Vedantu Content Team · Accepted Answer

Hint: First expand the given expression in left hand side using the formula for expansion of \[{{\tan }^{-1}}x+{{\tan }^{-1}}y\]now substitute the values of x , y according to given expression and do the basic mathematical operations like addition and multiplication to get the required expression in the right hand side.

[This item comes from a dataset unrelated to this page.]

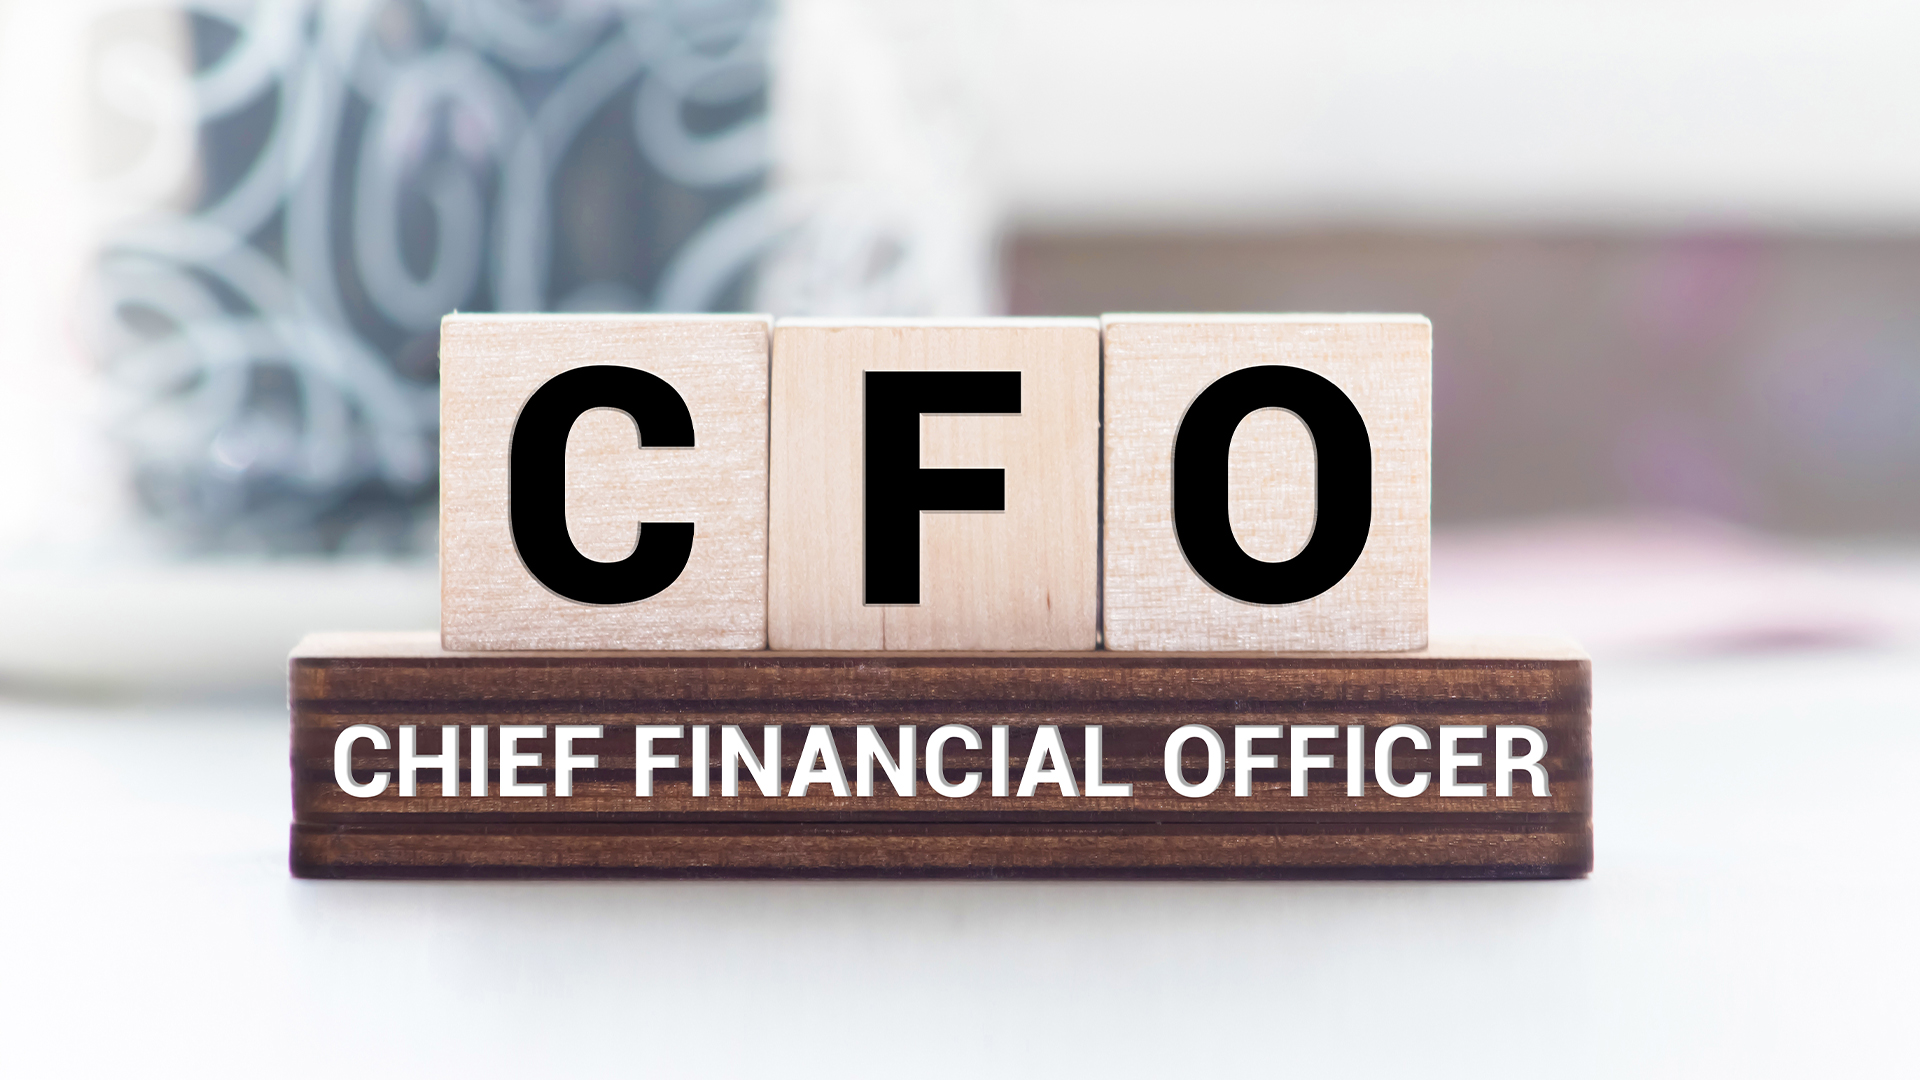 CFO Chief Financial Officer written on a wooden cube in front of a laptop

Complete step-by-step answer:
Now considering L.H.S
\[{{\tan }^{-1}}\left( \dfrac{1}{3} \right)+{{\tan }^{-1}}\left( \dfrac{1}{5} \right)+{{\tan }^{-1}}\left( \dfrac{1}{7} \right)+{{\tan }^{-1}}\left( \dfrac{1}{8} \right)\]
As we can see we have to use \[{{\tan }^{-1}}x+{{\tan }^{-1}}y\]
Using the formula,
\[{{\tan }^{-1}}x+{{\tan }^{-1}}y={{\tan }^{-1}}\left( \dfrac{x+y}{1-xy} \right)\]. . . . . . . . . . . . . . . . . . . . . . . . . . . . . . . . . . . . . . . . . . . . (1)
Substituting \[x=\dfrac{1}{3}\]and \[y=\dfrac{1}{5}\]
Substituting \[x=\dfrac{1}{7}\]and \[y=\dfrac{1}{8}\]
\[={{\tan }^{-1}}\left( \dfrac{\dfrac{1}{3}+\dfrac{1}{5}}{1-\left( \dfrac{1}{3} \right)\left( \dfrac{1}{5} \right)} \right)+{{\tan }^{-1}}\left( \dfrac{\dfrac{1}{7}+\dfrac{1}{8}}{1-\left( \dfrac{1}{7} \right)\left( \dfrac{1}{8} \right)} \right)\]
\[={{\tan }^{-1}}\left( \dfrac{\dfrac{5+3}{15}}{\dfrac{14}{15}} \right)+{{\tan }^{-1}}\left( \dfrac{\dfrac{8+7}{56}}{\dfrac{55}{56}} \right)\]
\[={{\tan }^{-1}}\left( \dfrac{8}{14} \right)+{{\tan }^{-1}}\left( \dfrac{15}{55} \right)\]. . . . . . . . . . . . . . . . . . . . . . . . . . . . . . . . . . . . . . . . . . . . . . . . (2)
Further solving (2) we get (3)
\[={{\tan }^{-1}}\left( \dfrac{8}{14} \right)+{{\tan }^{-1}}\left( \dfrac{3}{11} \right)\] . . . . . . . . . . . . . . . . . . . . . . . . . . . . . . . . . . . . . . . . . . . . . . . . . . . . (3)
\[={{\tan }^{-1}}\left( \dfrac{\dfrac{8}{14}+\dfrac{3}{11}}{1-\left( \dfrac{8}{14} \right)\left( \dfrac{3}{11} \right)} \right)\]
\[={{\tan }^{-1}}\left( \dfrac{\dfrac{130}{154}}{\dfrac{130}{154}} \right)\]
\[={{\tan }^{-1}}\left( 1 \right)\]
\[=\dfrac{\pi }{4}\]
= R.H.S

Note: If \[xy<1,{{\tan }^{-1}}x+{{\tan }^{-1}}y={{\tan }^{-1}}\left( \dfrac{x+y}{1-xy} \right)\]and if \[xy>1,{{\tan }^{-1}}x+{{\tan }^{-1}}y=\pi +{{\tan }^{-1}}\left( \dfrac{x+y}{1-xy} \right)\], therefore it is always important to check the multiplication of $x$ and $y$ for every step , though here we did not do it because we could in the starting only that from initial only both $x$ and $y$ are less than 1 so their multiplication will always be less than 1.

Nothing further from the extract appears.